The MongoDB team post about MongoDB’s durability made some waves last week. While I’d still recommend reading the original post, I’m including below a summary of the most important points from the post:
First, there are many scenarios in which that server loses all its data no matter what.
In the real world, traditional durability often isn’t even done correctly.
Given all this, we’re not saying durability isn’t important, we just think that single server durability isn’t the best way to get true durability. We think the right path to durability is replication (local and remote) and snapshotting. […] We are currently planning many more enhancements to replication to make it better.
Now - there are definitely some cases where single server durability is the best option. It is on our road map, its just not on the short list right now.
I have no intention to judge the decisions MongoDB team made in designing their tool. But I do feel that the above arguments are inaccurate and that MondoDB durability should be seen as a tradeoff for the performance you are getting from it.
Firstly, the fact that there are scenarios in which you can loose all your data, despite every prevention, is not a good reason to remove durability features. The same applies to ignoring a feature because others might not do it right. Both these arguments are kind of childish and I suppose everyone reading the post have already ignored them.

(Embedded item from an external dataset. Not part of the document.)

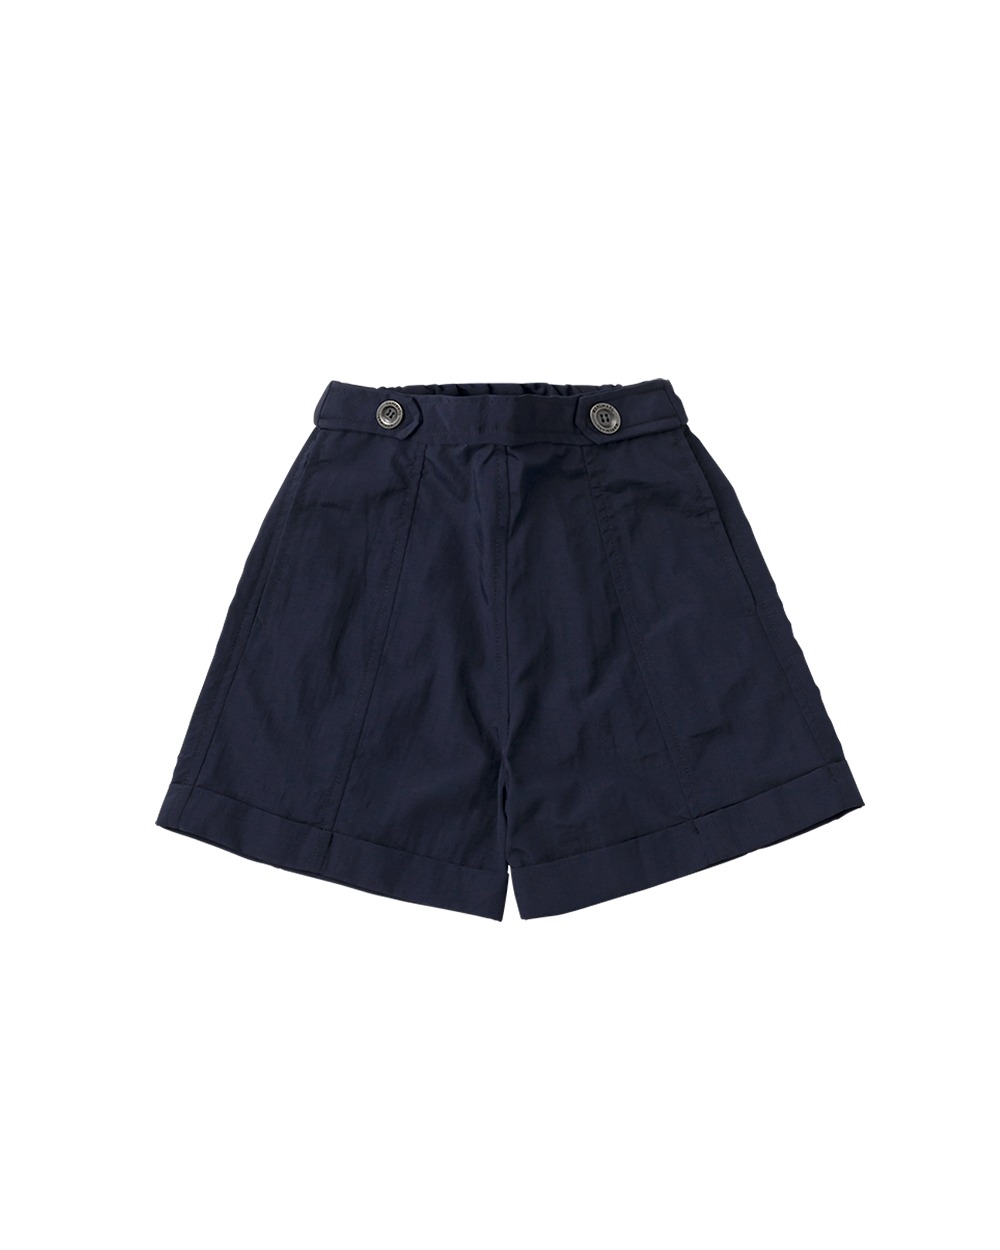 paddle shorts 2 navy - 마르마르

So, I’d like to focus on the important part: “We think the right path to durability is replication”. That’s definitely a more relevant and possibly more valid argument. But there are are couple of aspects that I’d like to cover:
- while the probability of data loss is significantly reduced by using 2 machines instead of 1, you also have to take into account the probability of a network partition. As a side note, even if MongoDB would support replica sets instead of the currently supported replica pairs, the argument would remain valid. I don’t have any statistics about hardware failure rates vs network failure rates to compute the impact on the probability of data loss, but below plot should give you an idea of what I mean:
- with an eventually consistent distributed system there is an uncontrollable window in which data loss may still occur. Remember that for the time being MongoDB’s replication is asynchronous and so, even if replicated, data loss can still occur during the sync window. Keep in mind also that the synchronization speed depends on the reliability of the network.
- there is a cost impact that you should be aware — I think that the cost of a battery backed RAID is much lower than the cost of an additional server
I’d also like to note that as a consequence of MongoDB’s approach to durability, any benchmarks comparing MongoDB to other more durable stores will result in not so accurate results.
Summarizing, while the MongoDB team is working on improving the replication mechanisms:
- psuedo real-time with optional blocking for writes until on multiple servers
- replica sets instead of replica pairs
- easier to create new slaves with large data sets
I still think that everyone should be aware of MongoDB’s approach to durability and accept it as a tradeoff for other MongoDB features.